The tour was part of the Mishpatim program, which was founded last year by U of M law professor Bryan Schwartz, in conjunction with the Winnipeg chapter of the CFHU. Schwartz, who has been on U of M’s faculty of law since 1981, is the inaugural Asper Professor of International Business and Trade Law.

Schwartz, who led the tour, said that “Israel has had to face many of the challenges – often at an especially intensive and complicated level – that Canada has had in respecting individual and minority rights in general, and in the particular context of addressing security threats, including terrorism.

Miles said the trip was an invaluable opportunity to get to know Israel’s legal system and in particular, its nascent constitutional framework. “The program provided a wide variety of experiences that coalesced to demonstrate the unique features of Israeli society,” she said.

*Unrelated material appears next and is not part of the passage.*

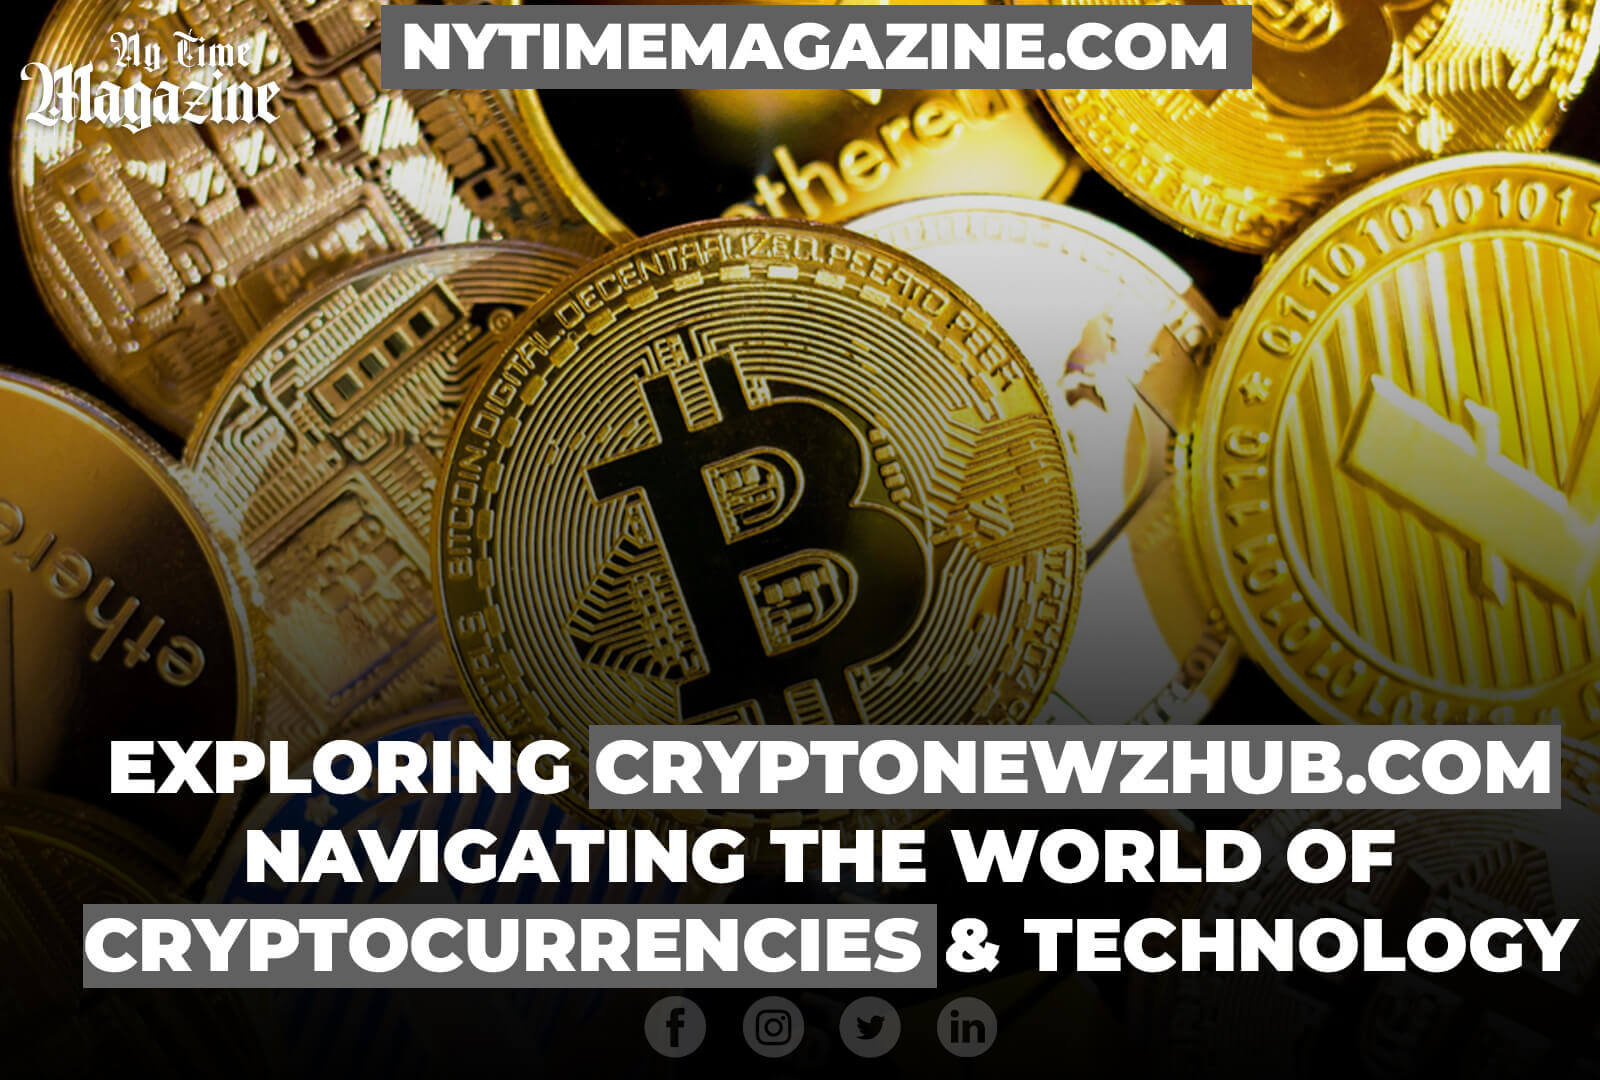 EXPLORING CRYPTONEWZHUB.COM: NAVIGATING THE WORLD OF CRYPTOCURRENCIES AND TECHNOLOGY

For student Caroline Reimer, the tour was a “life-changing experience. It exceeded my expectations,” she said.

“We are hoping,” Schwartz said, “that the lessons learned will give Canadian students much to think about in terms of lessons to be emulated or avoided in addressing some of the comparable problems in Canada – itself a society with traditional peoples, such as First Nations citizens, many newcomers from all over the world, and interested in developing a culture of risk-taking and innovation.”

Last year, the inaugural year of the program, the group consisted entirely of U of M law students. This year, the 23-person group also included two Asper School of Business students and three law students from the University of Saskatchewan.

The students heard lectures from an Israeli terrorism expert, an Arab Israeli clerking at the Supreme Court and a Druze professor. They visited Hebrew U, the University of Tel Aviv, the Technion, the Bahai Centre in Haifa, a Jewish Ethiopian absorption centre and a workers hotline, an NGO dedicated to protecting workers’ rights.

 “We are very grateful to the provincial government for its financial support this year, which is linked to its interest in having our students exposed to the various comparisons and lessons to be learned from Israel’s own successes and setbacks,” Schwartz said.

He added that the second tour has been more successful than the inaugural one because it “introduced students in both law and commerce to a wide range of issues that intertwine law, politics, sociology and economics. Our speakers and material were diverse in perspective. 

 “The hope is eventually to have a program that has a Manitoba core, but accessible to students across Canada in both law and business.”